GEO Bioinformatics Data Mining (3) Chip Probe ID and Gene Name Mapping Processing

GEO Bioinformatics Data Mining (4) Data Cleaning (Outlier Processing, Low Expression Genes, Normalization, Log2 Processing)

GEO bioinformatics data mining (5) Extract clinical information to construct groups and visualize grouped data (drawing hierarchical clustering diagrams and PCA diagrams)

This section’s directory

Observation of tuberculosis gene expression data (GSE107994)

Clinical shape data preprocessing

Gene expression data preprocessing

Plot observation data


Tuberculosis gene expression data (GSE107994) observation

Since the data format you get during the data analysis process may be different, in this section we take the tuberculosis gene expression data (GSE107994) as an example to make a practical case. The clinical shape data and gene expression data of this data set are separated separately, and you need to modify the code to read and process them.

Let’s take a look at the gene expression data first. The probe annotation has been completed and does not need to be processed.

Looking at the clinical shape data again, we need to manually delete the previous annotations and retain the regular data in the second half.

Clinical Shape Data Preprocessing

# Manually delete the previous comments, read the file, and transpose
pdata <- t(read.delim("GSE107994_series_matrix_clean.txt", header = TRUE, sep = "\t"))

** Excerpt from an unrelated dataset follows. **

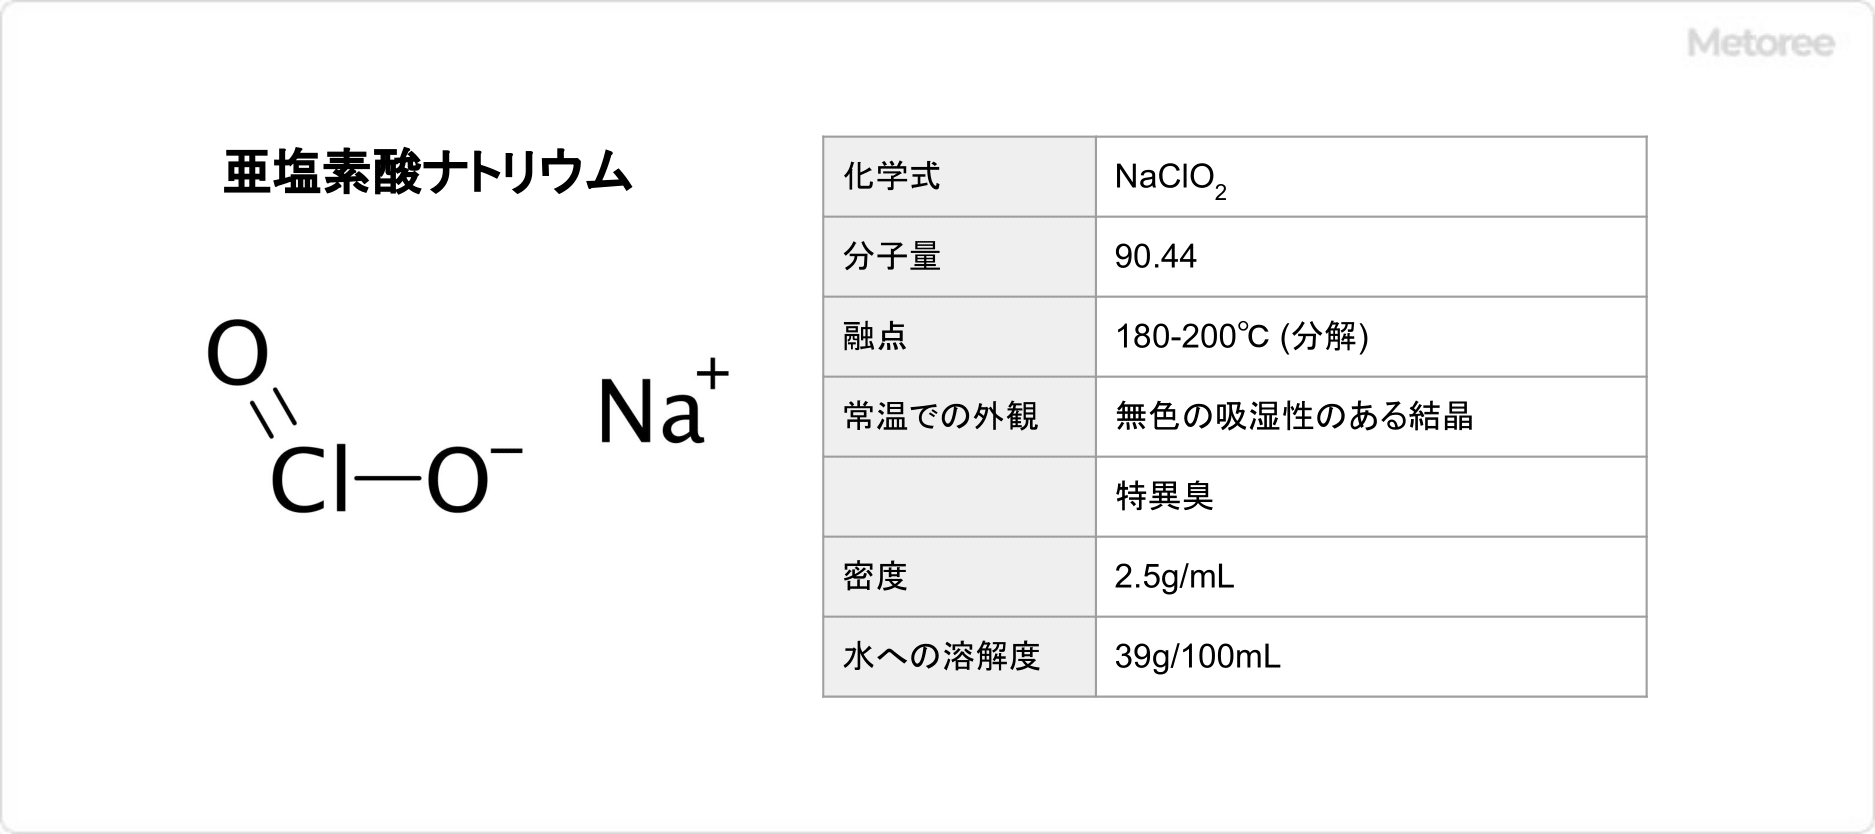 亜塩素酸ナトリウムの基本情報
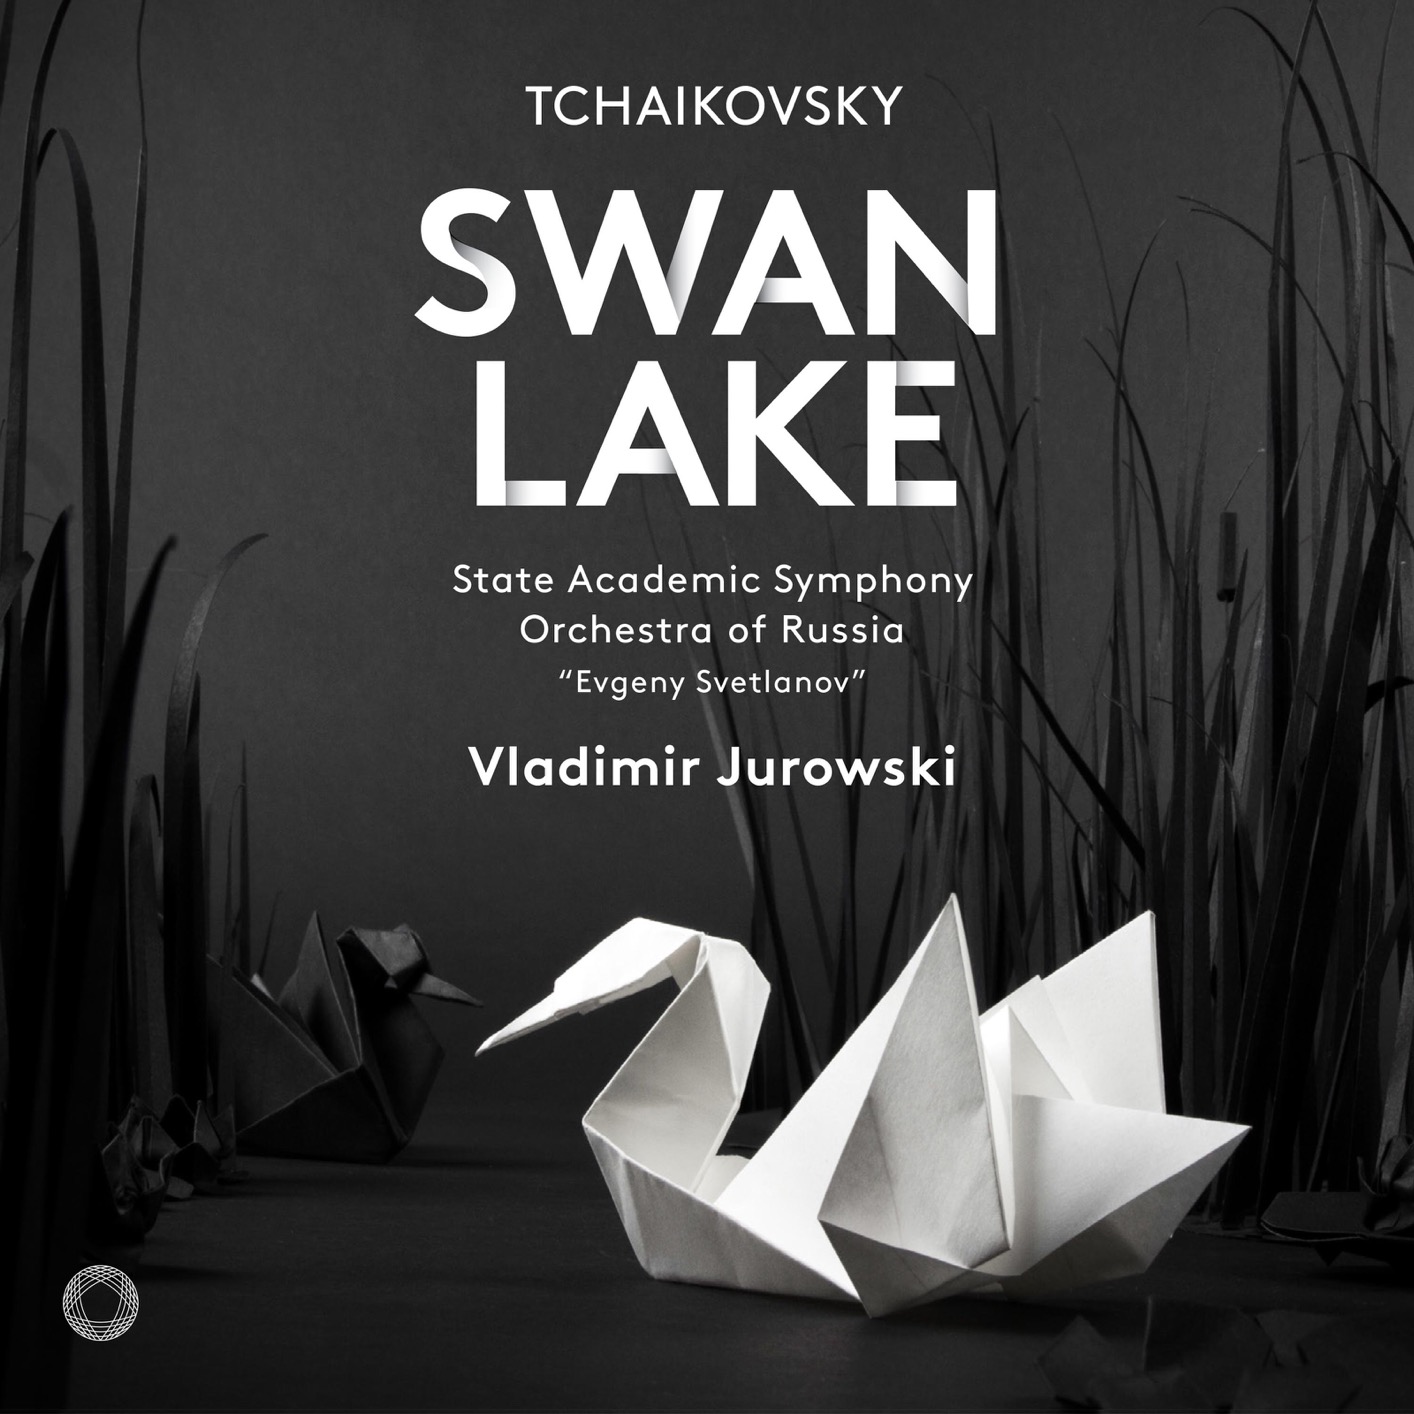 Vladimir Jurowski - Tchaikovsky: Swan Lake, Op. 22, TH 12 (1877 Version) (2018) [FLAC 24bit/96kHz]

# Manually delete the previous comments, read the file, and transpose
pdata <- t(read.delim("GSE107994_series_matrix_clean.txt", header = TRUE, sep = "\t"))
pdata <-pdata[-1,]
pdata_info = pdata[,c(1,7)]
colnames(pdata_info) = c('geo_accession','type')

#Observe what the values of the sample type are (tuberculosis, latent progress, control and latent)
unique(pdata_info[,2])
#"Leicester_Active_TB" "Longitudnal_Leicester_LTBI_Progressor" "Leicester_Control" #"Leicester_LTBI"

group_data = as.data.frame(pdata_info)

Before processing

After processing

Add different type labels and select experimental and control groups as needed

# Use the grepl function to determine whether the string contains 'Control' and modify it accordingly
group_data$group_easy <- ifelse(grepl("Control", group_data$type ), "Control", "TB")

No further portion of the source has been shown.